We produced five reports about a vitally important industry, one that has become embroiled in very serious scandals that have cost the consumer, taxpayers and the whole country a fortune. The parliamentary commission was the first of its kind for a century. The last, exactly a hundred years ago, collapsed in a heap of partisan acrimony.

We have produced five reports in under a year, all of which were agreed unanimously. We also put in an unprecedented amount of detailed work, taking evidence for 171 hours in no fewer than 76 evidence sessions, in addition to deliberating in private for a further 74 hours. I would like to thank my colleagues on the commission in both Houses for their huge contributions, injections of energy and endurance. I would also like to express my thanks for the equally impressive commitment of the commission staff and specialist advisers, led by Colin Lee and his two deputies, Adam Mellows-Facer and Lydia Menzies. Only the very limited time available prevents me from listing many more of the staff who put in so much work. I would also particularly like to thank the Front Benchers of all parties, who have offered a great deal of support.

The task now is to get the report implemented, primarily by regulators and banks, and, where necessary, supported by statute. The Government have today responded to the commission’s most recent report—our fifth. I have had a chance to flip through the response, but there has been no time to digest it fully—it is about 80 pages—and, of course, no time for anyone to table amendments as a result. In view of the extent to which it looks as if the Bill has been changed, I would be grateful if the usual channels could consider recommitting this Bill to Committee. Failing that, at the very least—as the my hon.

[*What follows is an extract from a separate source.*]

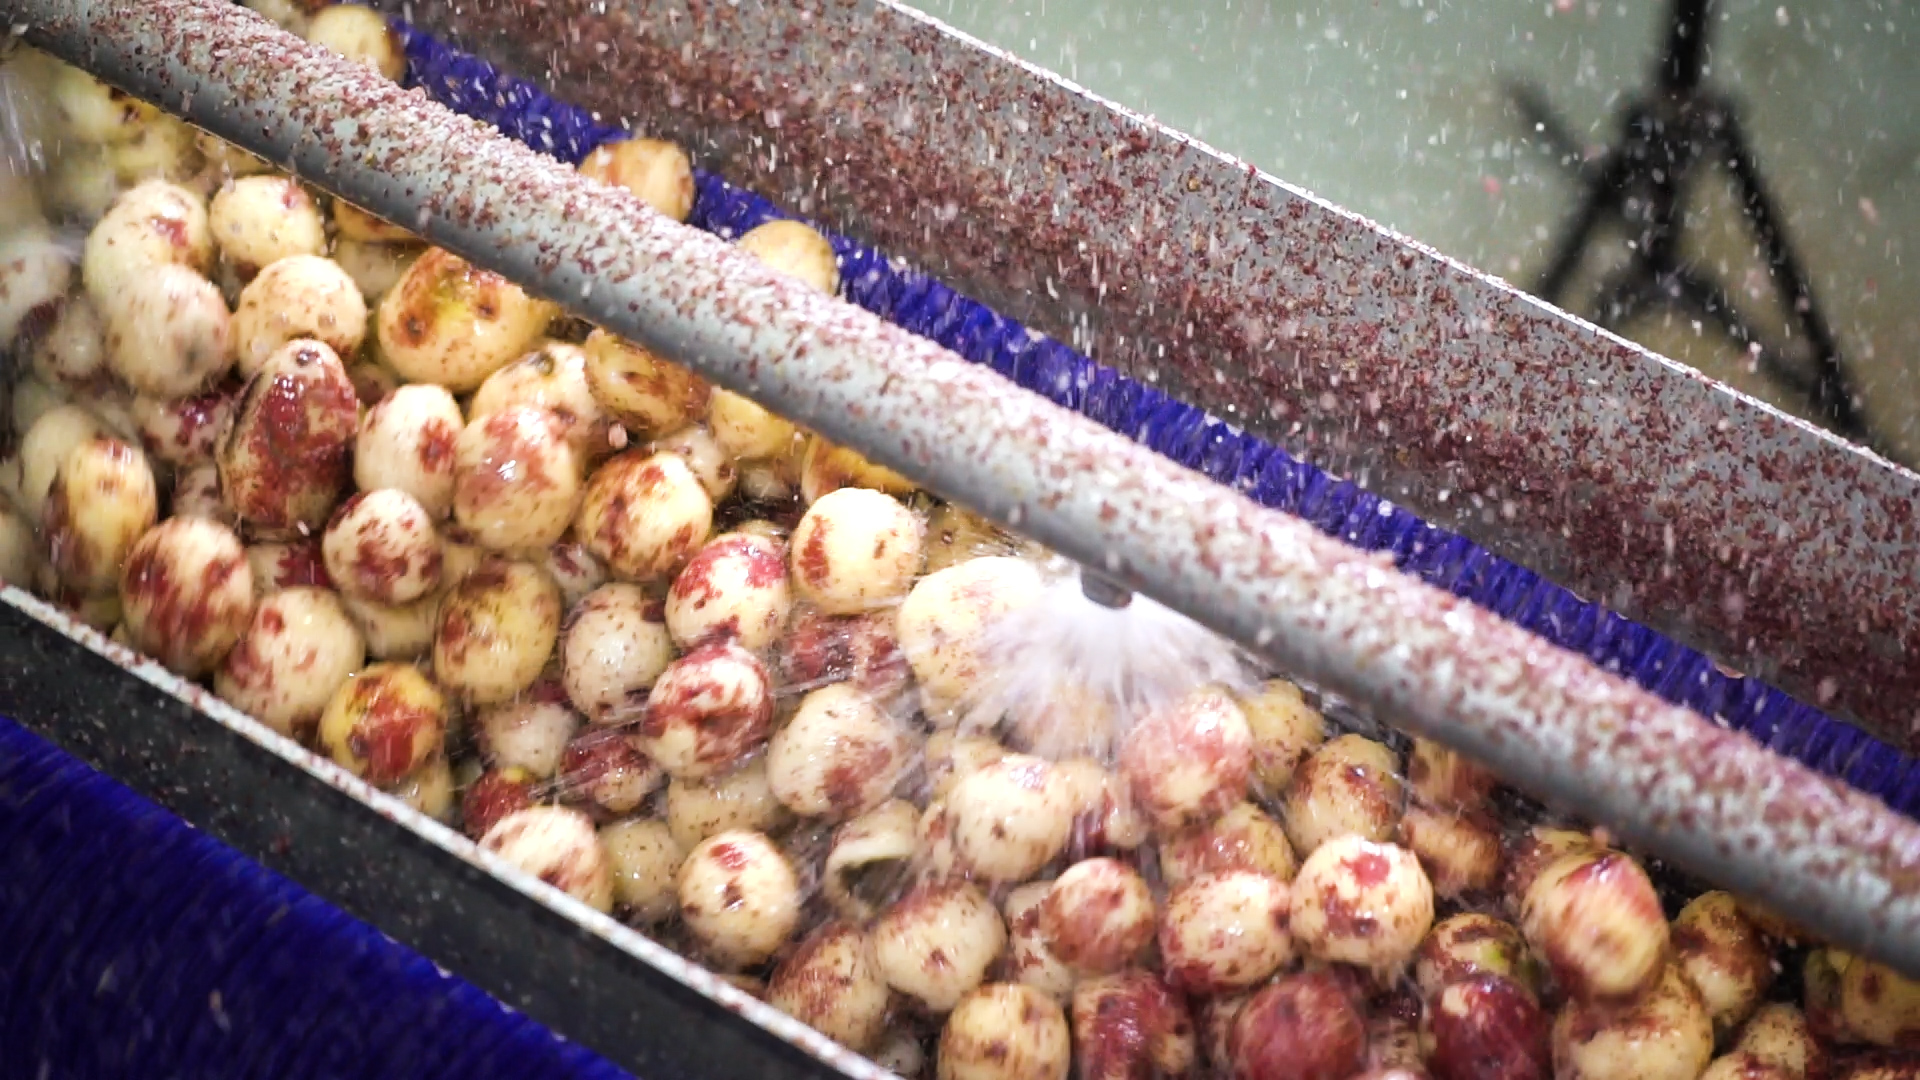 Vanmark's industrial potato processing equipment in action peeling potatoes

Friend the Member for North East Somerset (Jacob Rees-Mogg) has said—an extra day should be provided for consideration of what will inevitably be a mass of Lords amendments. Bearing in mind the struggle that we had to get the half-day tomorrow, I hope that the Government will show more flexibility about this extra time.

Having said that, I warmly welcome the supportive tone of the pre-briefing given to the Financial Times about the publication that we have had today. Still, I would rather have heard about it here first. I am also very pleased that so many of the proposals and also the argumentation for them appear to have been accepted in full. But I am not fully reassured. The Government appeared to have accepted the commission’s proposal on a specific power to force the separation of an individual bank, but here we are, at the eleventh hour, trying to prevent the proposal from being severely weakened by the Government. In fact, as I will explain, the Government’s amendments would render the specific power of electrification virtually useless.

Some of the commission’s important proposals have not been accepted at all, for example on leverage, on which we support the recommendations of the Vickers commission, and on reform of the Bank of England’s antiquated governance structure, on which the commission supports the recommendations of the Treasury Committee.

Other ideas that the Government have rejected include the need to wind up United Kingdom Financial Investments Ltd and the regulatory reforms to provide statutory autonomy for the regulatory decisions committee. I find that especially regrettable. The Government have also rejected the proposal to remove the FCA’s strategic objective. No one can see much purpose to this except the Government. It can be used to trump the operational objectives of the FCA, including that of competition, and can thus serve only to weaken those operational objectives. On all those issues, I hope that their lordships will repair some of the damage that we have been left with no time to attend to here.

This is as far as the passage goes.